= What you need to do =
Any picture in the listing is left out of the copy; all else is duplicated exactly.

= Provided data =
============
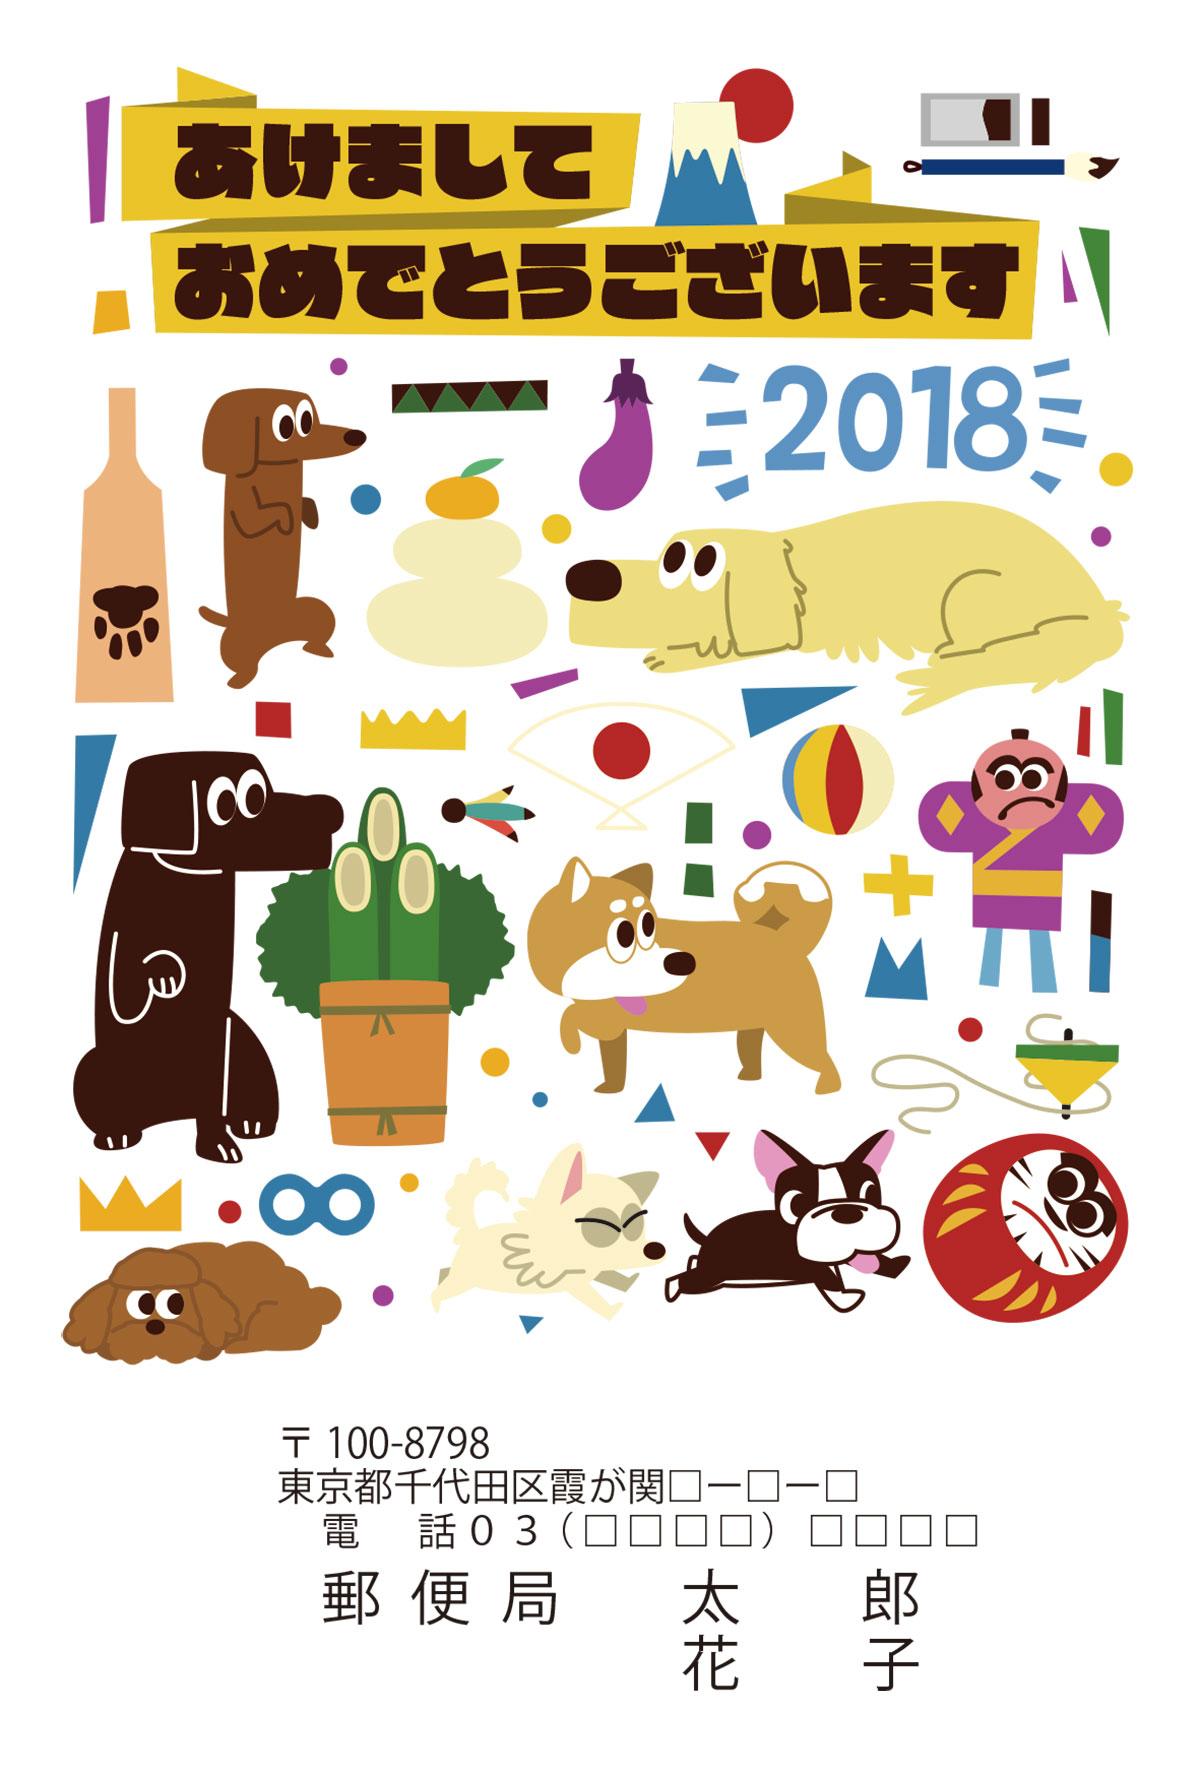 2018年 年賀状デザイン
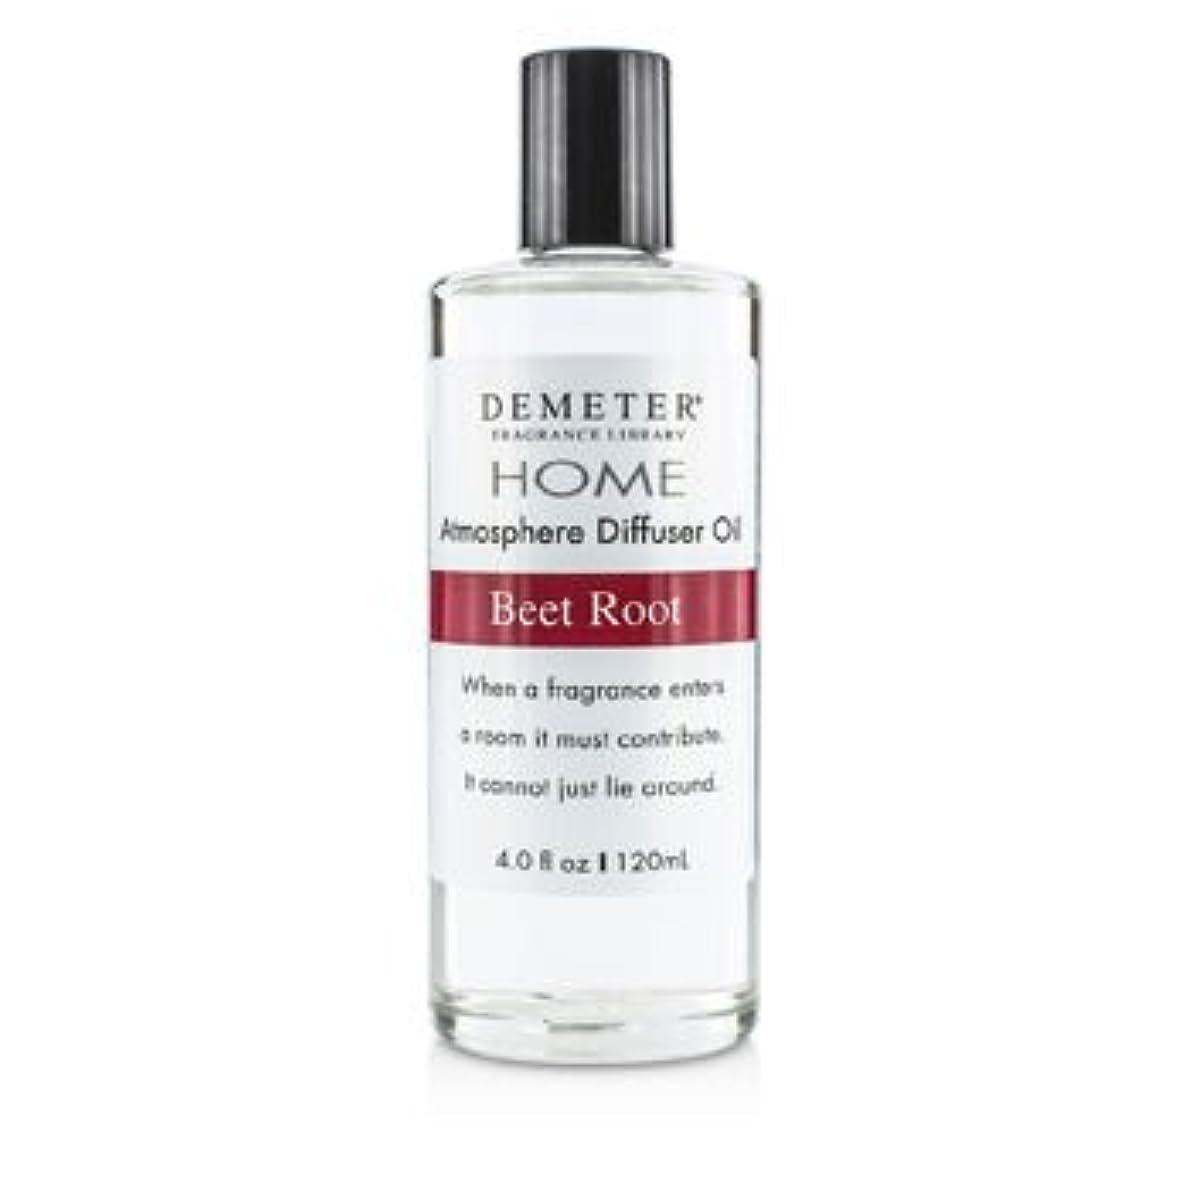 起訴する機動子[Demeter] Atmosphere Diffuser Oil - Beet Root 120ml/4oz
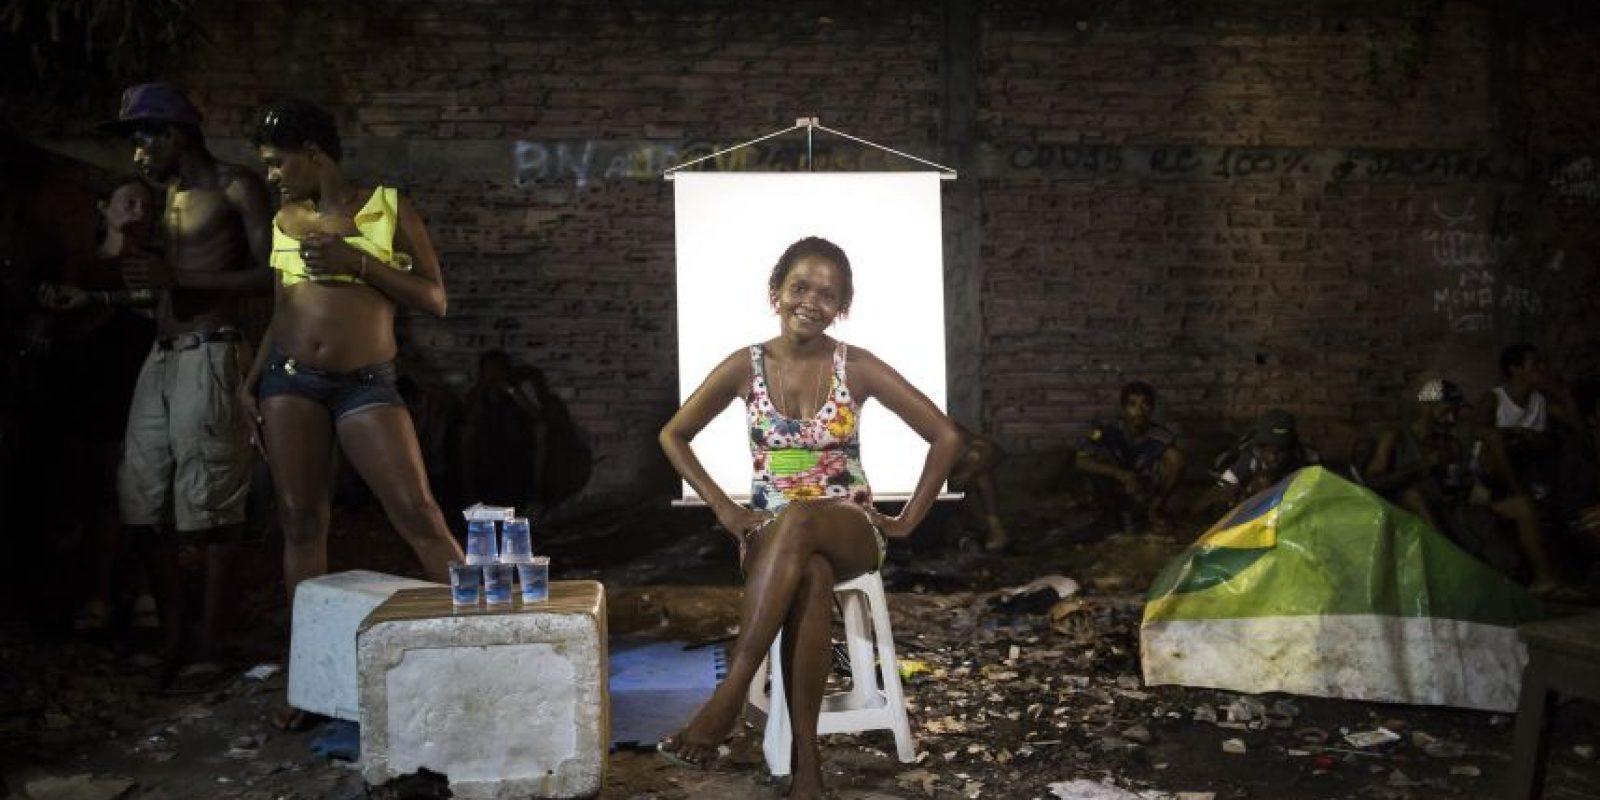 """En esta imagen, tomada el 18 de marzo de 2015, Carla Cristina, de 26 años, posa para una fotografía junto a su puesto de venta de agua en un punto de venta de crack al aire libre, conocido como """"cracolandia"""", donde los clientes pueden comprar la droga y fumarla a plena vista, de día o de noche, en Río de Janeiro, Brasil. Foto:AP/ Felipe Dana"""
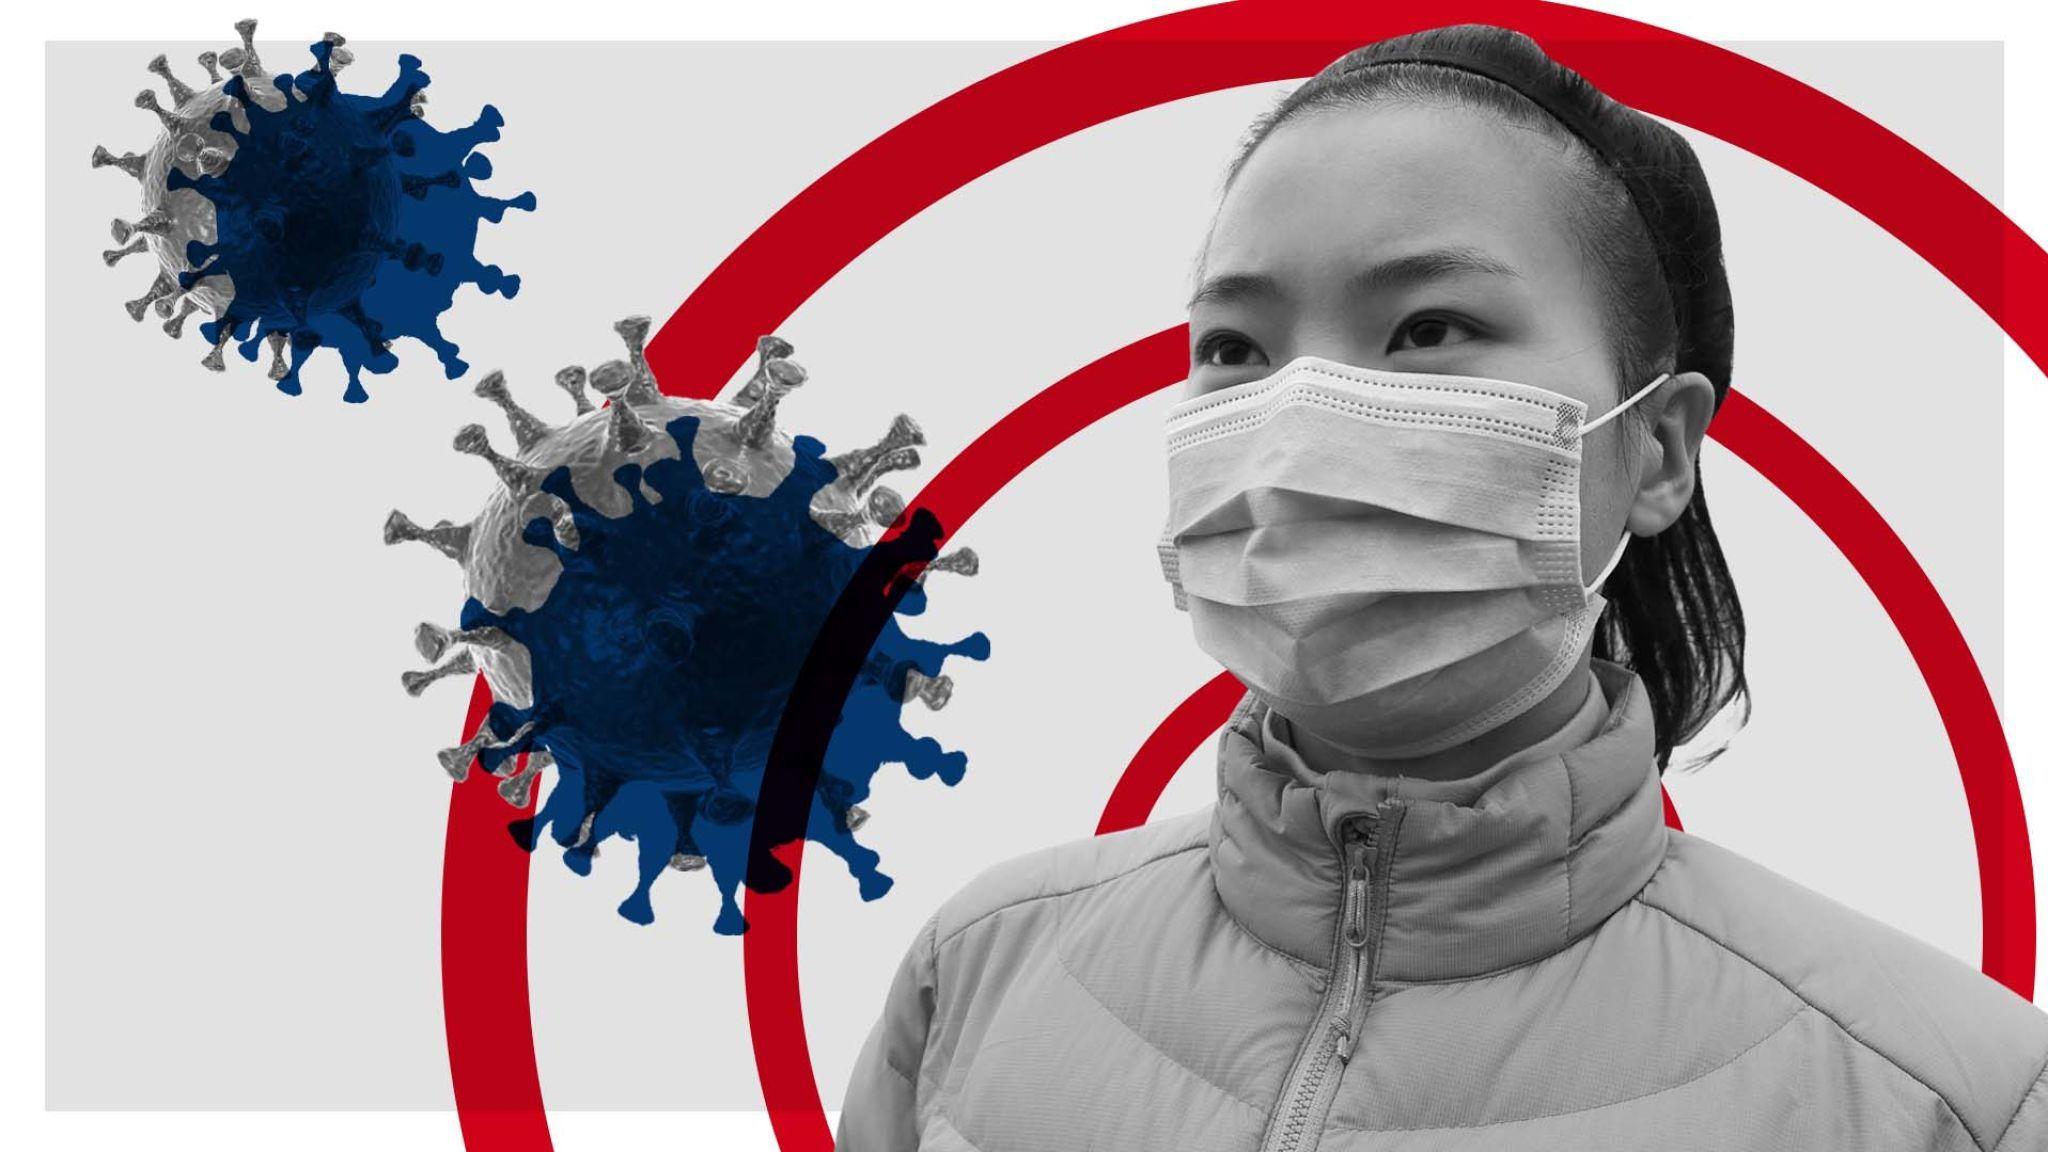 معلومات مهمة عن فيروسات كورونا
============
= Response to this task =
 2018年 年賀状デザイン
 起訴する機動子[Demeter] Atmosphere Diffuser Oil - Beet Root 120ml/4oz
 """En esta imagen, tomada el 18 de marzo de 2015, Carla Cristina, de 26 años, posa para una fotografía junto a su puesto de venta de agua en un punto de venta de crack al aire libre, conocido como """"cracolandia"""", donde los clientes pueden comprar la droga y fumarla a plena vista, de día o de noche, en Río de Janeiro, Brasil. Foto:AP/ Felipe Dana"""
 معلومات مهمة عن فيروسات كورونا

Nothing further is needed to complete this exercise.